For most classes all you will need to know how to do is use equatorial preference to predict the most stable chair conformation.


However, sometimes you will be required to use energetics to calculate the exact percentages of each chair in solution. This is a multistep process, so here I’m going to walk you through it from scratch. 

Calculating Flip Energy

First we have to introduce the concept of an A-value, which is simply the energy difference between the equatorial (most stable) and axial (least stable) positions.
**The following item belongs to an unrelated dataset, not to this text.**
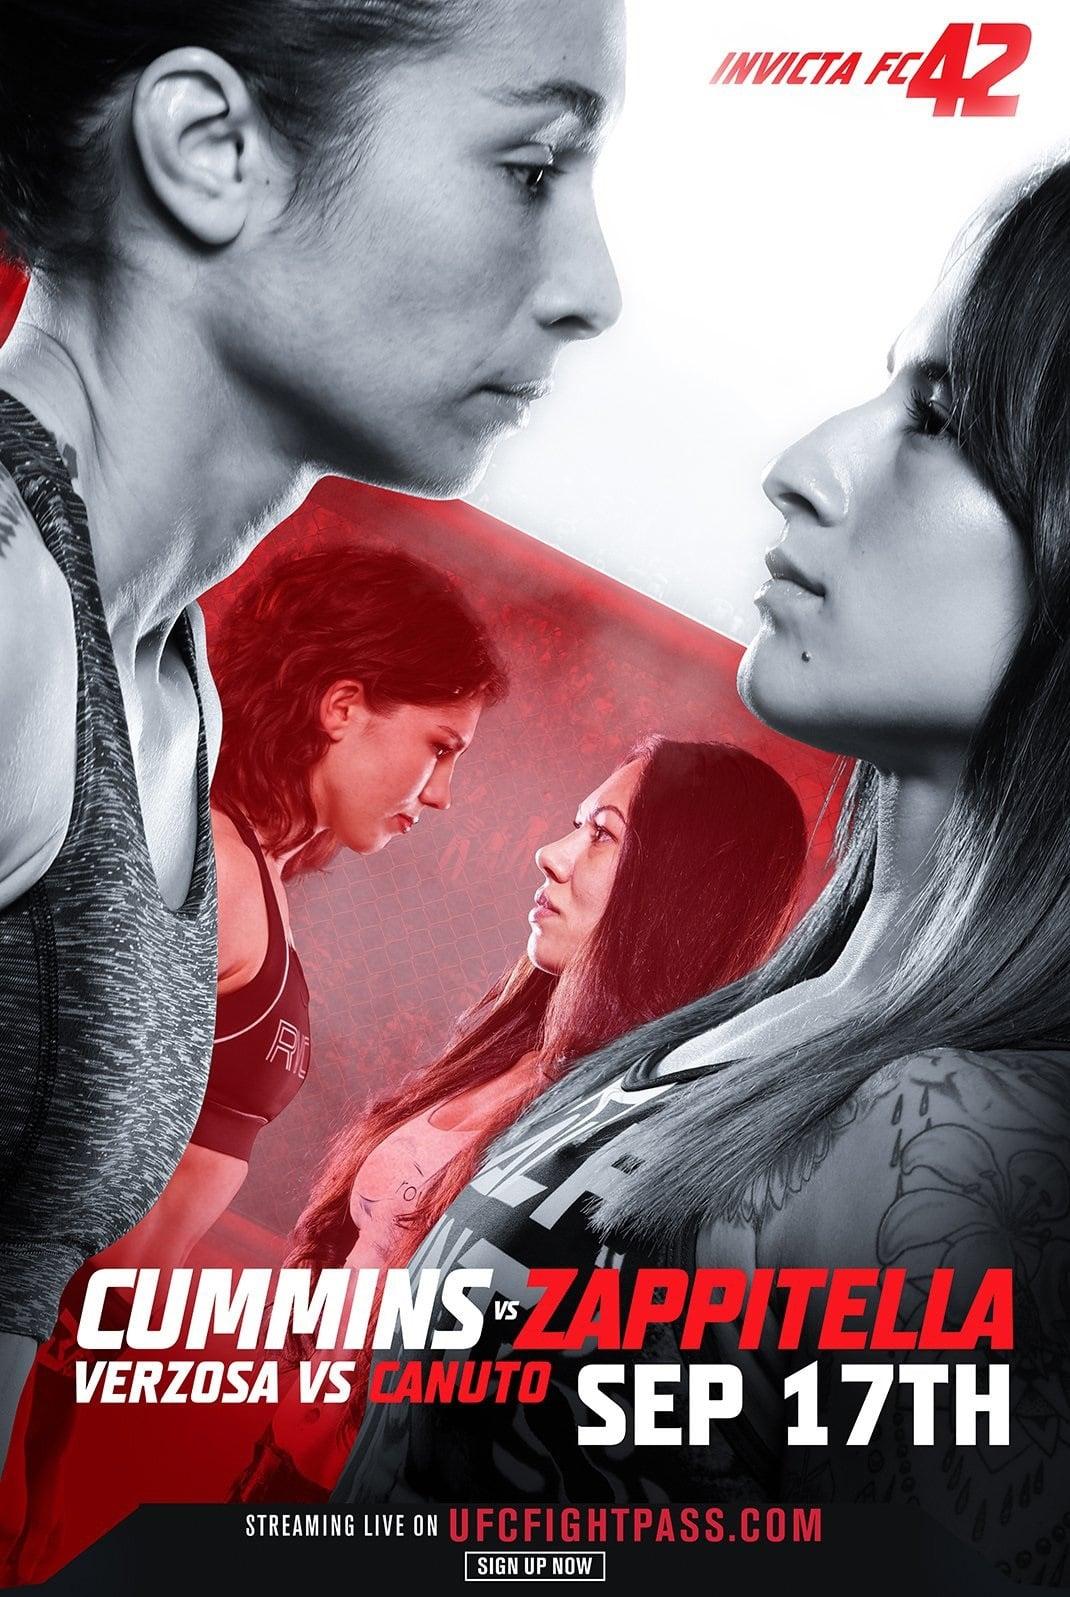 Invicta FC 42: Cummins vs. Zappitella

Concept #1: Explaining how A-Values are related to cyclohexane flip energy


All right guys, so in the next few videos I'm going to be going over a much more rigorous description of conformational analysis. Now the reason that we've been recording these to begin with is because your textbook goes through all this detail and I'm just trying to be as comprehensive as possible.
But this also happens to be an area of organic chemistry that many professors don't teach because they just find it too mathematical and too tedious. So you're going to be responsible to talk to your professor or look at old exams or whatever and determine if this is something that you need to know or not. I'm just teaching it just in case.
Now as a side note, I'm going to need you to – since it is mathematical, drop your iPhone calculator or whatever and grab one of these because we're actually going to be doing equations with e and logarithms and stuff like that. So if you need to pause the video to grab this, by all means, go for it. Let's go right into it.
The first thing that we're going to do is learn how to calculate flip energy. This has to do with cyclohexanes. Sometimes we're going to be required to actually calculate these numbers in kilojoules per mole and calculate the expense that it takes for a molecule to flip from equatorial to axial. Remember that I told you guys that equatorial preference states that you're always trying to be in that more stable position.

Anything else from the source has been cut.